One of the principle reaction to the crisis of modernity in the Muslim world has been the emergence of Islamic democracy. Islamic democracy merges the ideas of democratic governments with principles of Islamic political, moral, and legal ideals. Two examples of this trend can be found in Morocco and Tunisia.

Morocco has seen a gradualist transition from absolute monarchic power supported by repression into a model of Muslim democracy. In 2004 with the death of the reigning King Hassan II and the assumption of the throne by his son Mohammed V the nation began the process of liberalization. The police state was dismantled under pressure from popular protests. Women were given greatly expanded rights, including a promise of full legal and social equality. Political institutions were established, including a parliament with a robust set of governmental powers relative to the monarchy. All of these advances were underpinned by the adoption of a constitution, which included constraints on monarchic power and protections of individual rights. These changes can be seen as undermining shari’i by resting the fundamental basis of law on the constitution rather than religious law and by promoting individual rather that communal ideas of responsibility and rights. These changes can be seen purely as an adoption of Western ideas by a Muslim nation that is not fully representative of the state of Moroccan reforms.

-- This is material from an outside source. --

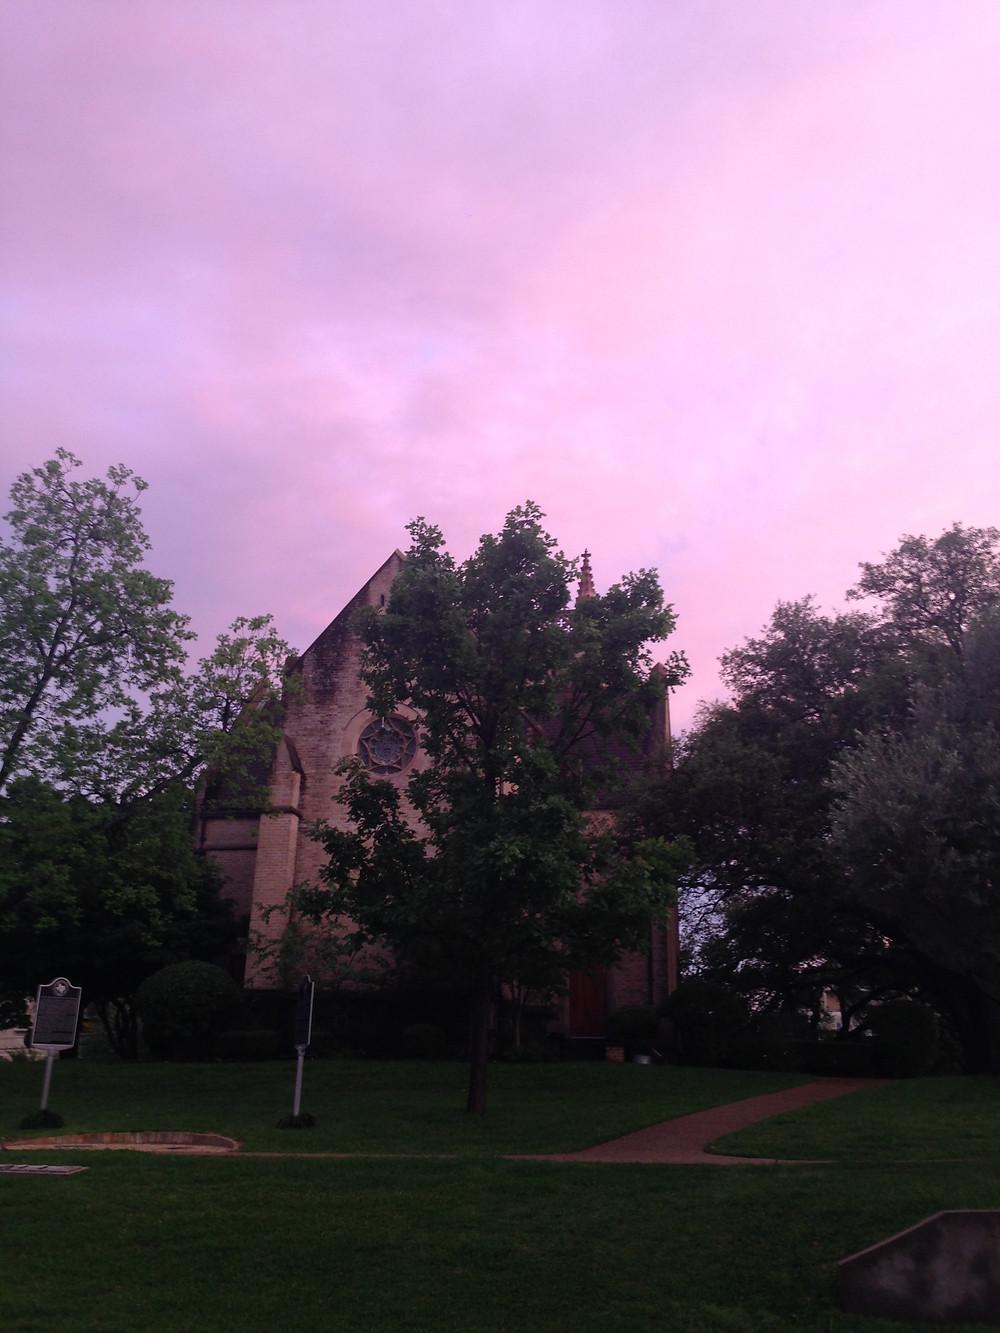 Austin Presbyterian Seminary

This reading of Moroccan reformism would put it fully within the accomidationist school of thought discussed in class. However, the Moroccan case also draws on elements fully developed from Islam, which would place the Moroccan approach to Islamic democracy somewhere between the Accommodationist approach, in that it acknowledges that many of the problems it faces arose from internal governmental challenges and the universalist approach that seeks to draw from both internal and external sources of reform. One Islamic element retained by Morocco is that fact that the monarch continues to hold power in part by their right as a direct decedent of the Prophet, rooting political legitimacy not only in religion but in the history of the First Islamic golden age. This claim to religious legitimacy by the sovereign is credited with increasing the stability and authority of the state and has served as a bed rock for the reform program.

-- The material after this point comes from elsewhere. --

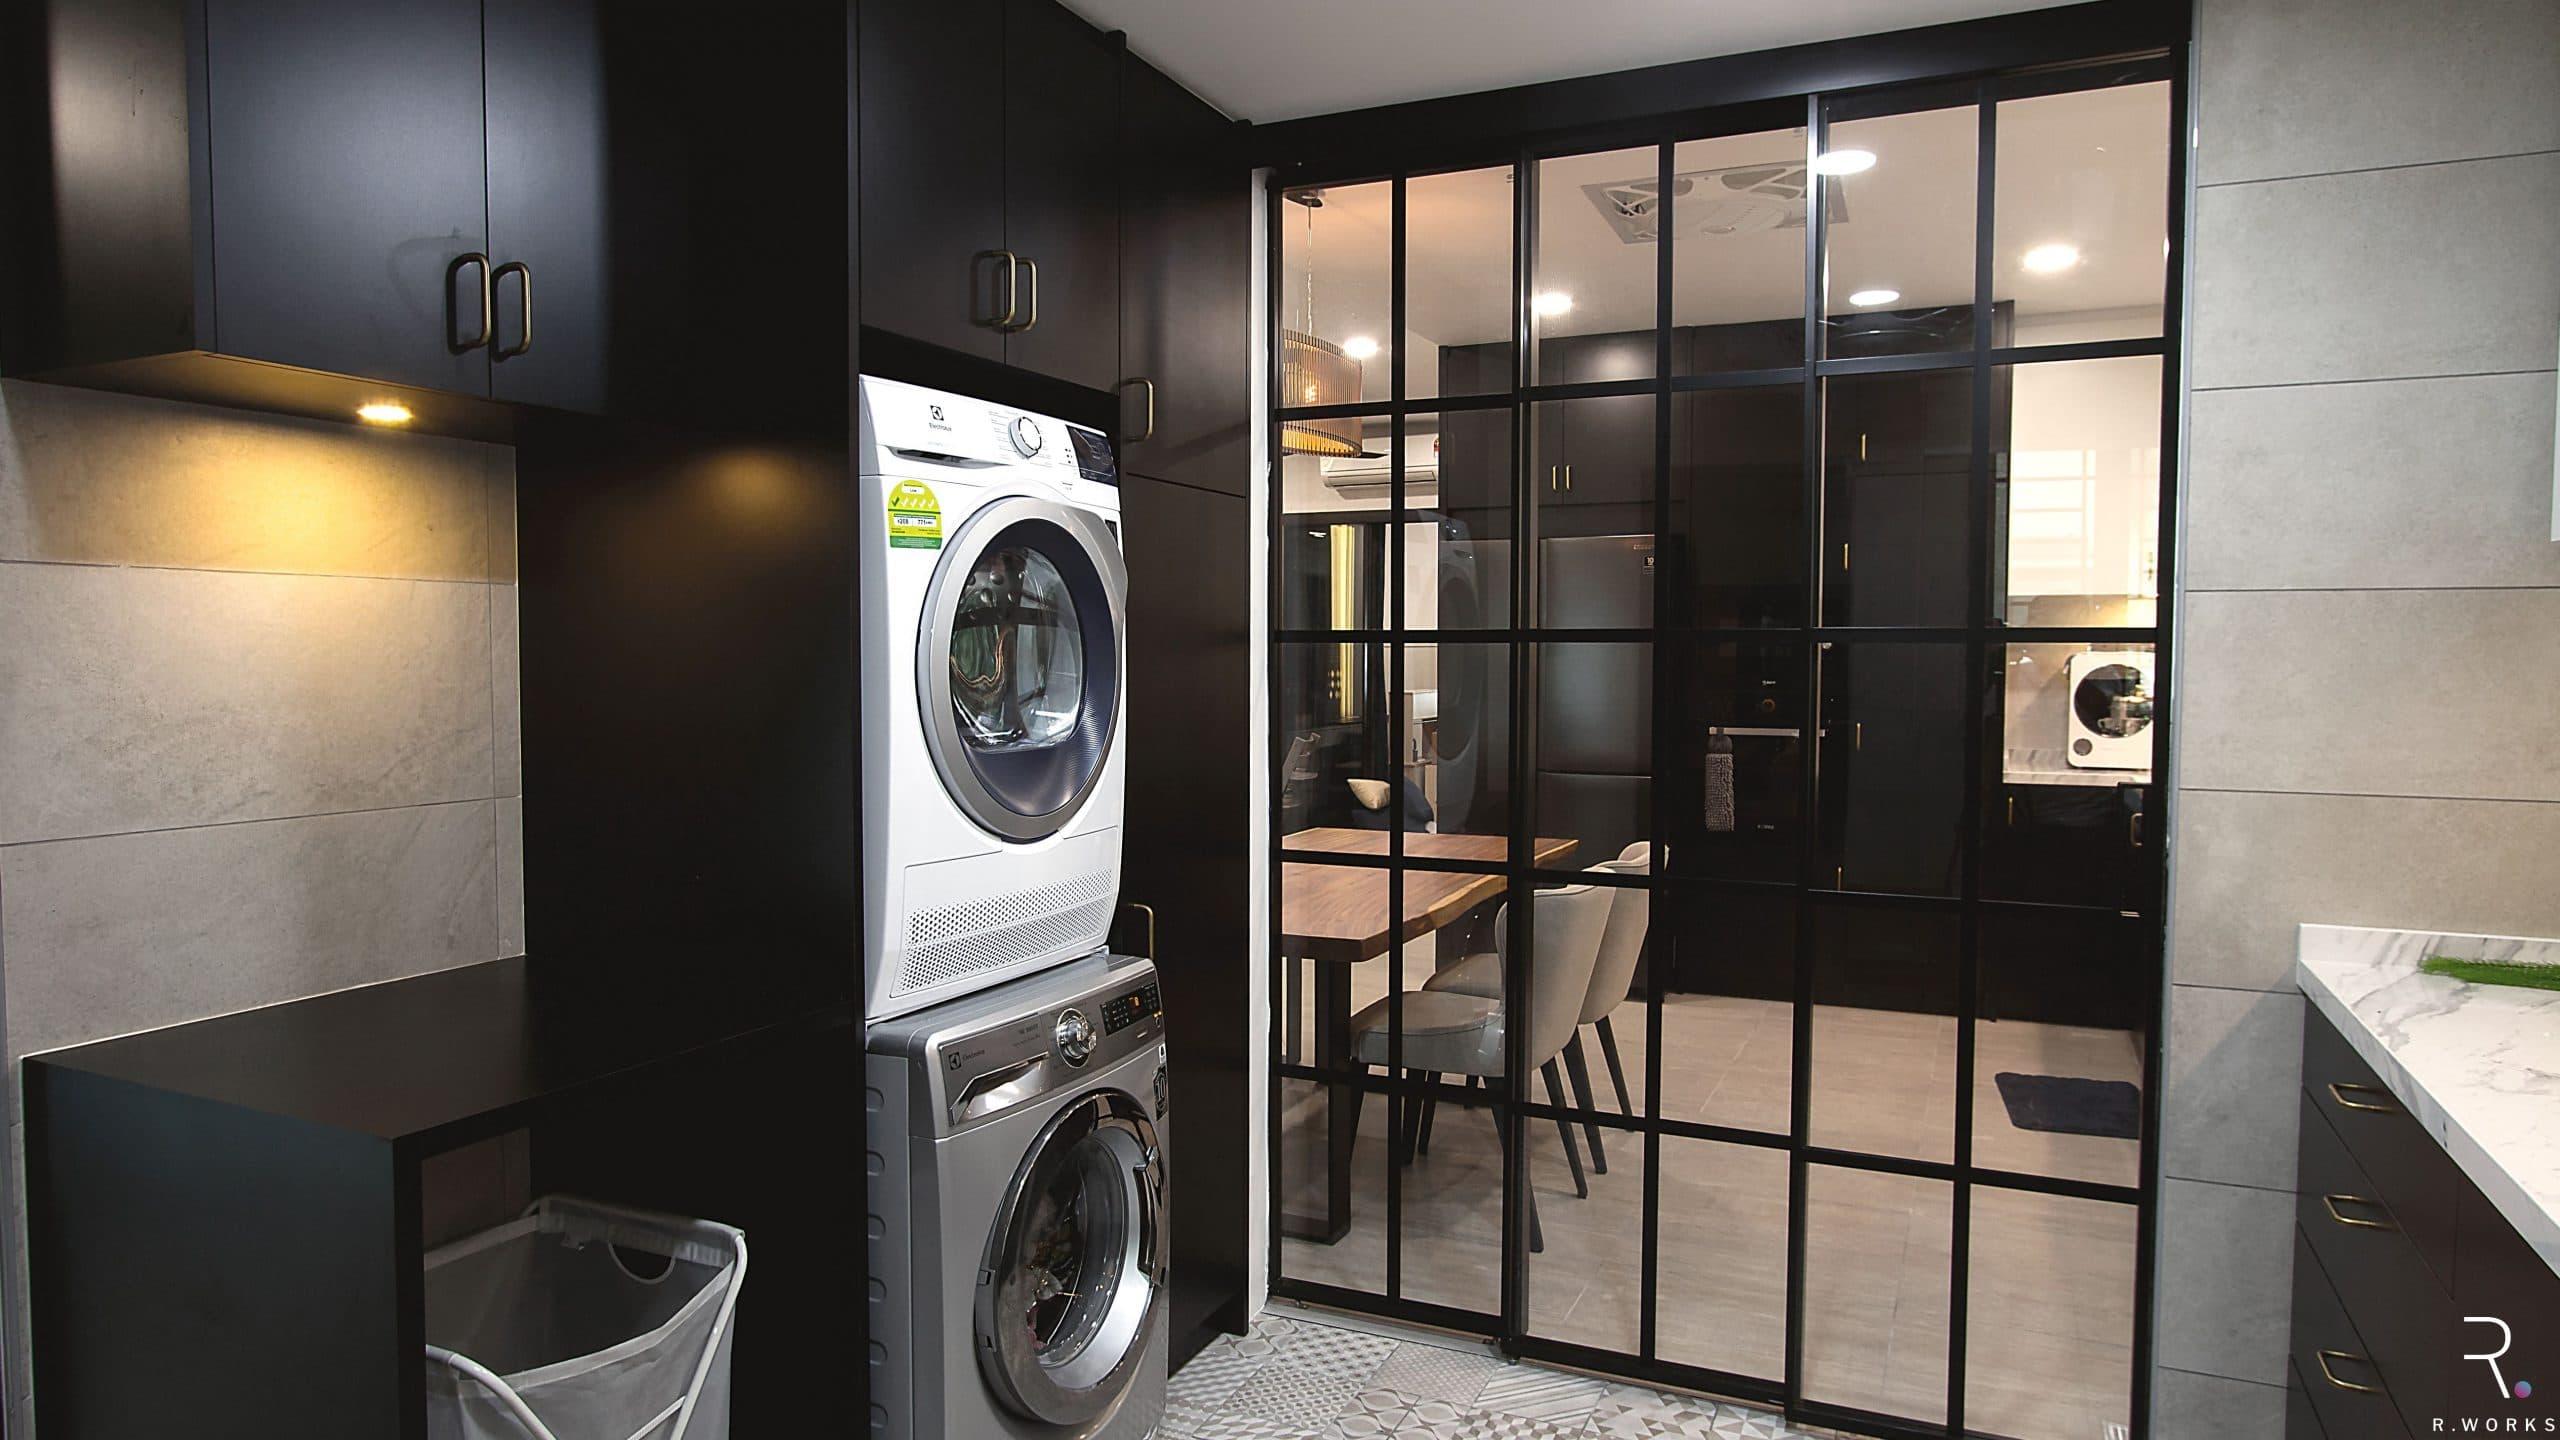 Townhouse modern wet kitchen after interior design

Totten offers a few explanations for the growth of Islamic democracy in Morocco as apposed to the other Arab nations of north Africa such as Algeria and Egypt. The first explanation offered is the distance  of Morocco from the various centers of Islamic thought over the course of history. This distance Totten theorizes, combined with the mountains impact of delaying the spread of information, may have slowed the passage of ideas from the center to the periphery allowing them to cool and become moderated in the passage. Another geographic theory he puts forth is that the role of Morocco in governing Spain for serval centuries and its abundant ports made its political culture more receptive to outside influence, especially from the west.

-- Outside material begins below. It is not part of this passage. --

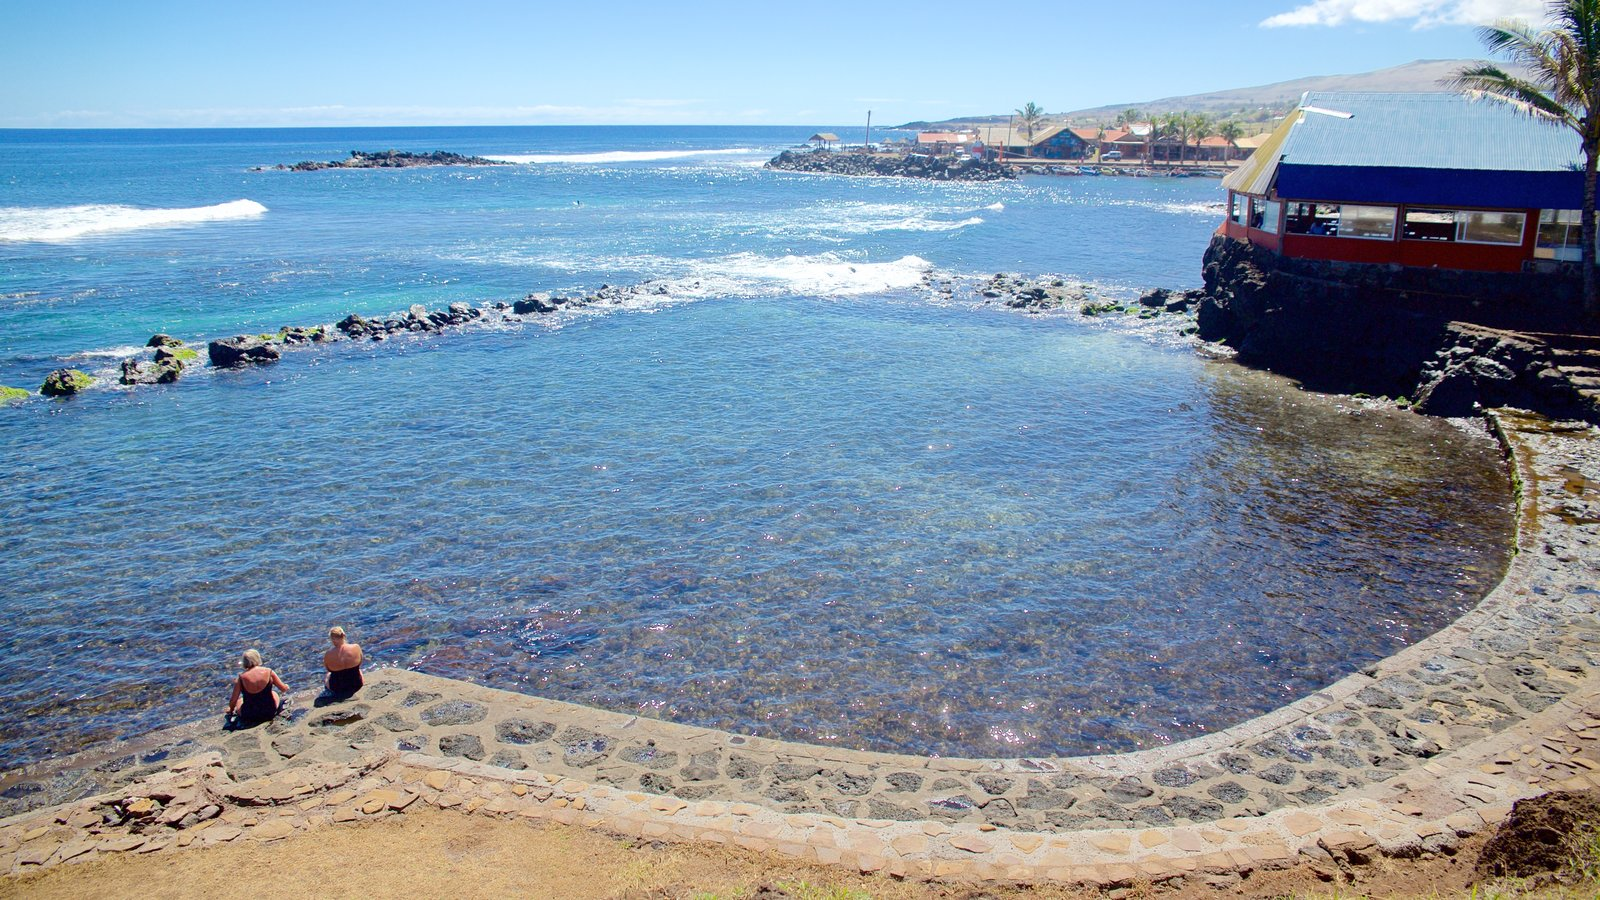 Hanga Roa ofreciendo vistas generales de la costa

An explanation not fully developed by Totten is the colonial history of Morocco, apart from several coastal enclaved annexed to Spain. The majority of Morocco escaped direct colonial domination until relatively late in the history of European exploitation of Africa. It was not until 1906 when France gained a dominate colonial role in Morocco more than 80 years after the French took possession of neighboring Algeria and more than 50 years after the British took a similar position in Egypt. Even once the French consolidated their position it was much less expansive than in Algeria, where colonial rule was absolute and Algeria itself was subsumed into metropolitan France. In Morocco the French established a protectorate leaving the major political institutions in tact. This fact has meant that the political institutions present in Morocco at the moment are more stable and possess greater legitimacy than those in many of its neighbors. This stability has been used to allow the institutions to experiment and push forward with reform.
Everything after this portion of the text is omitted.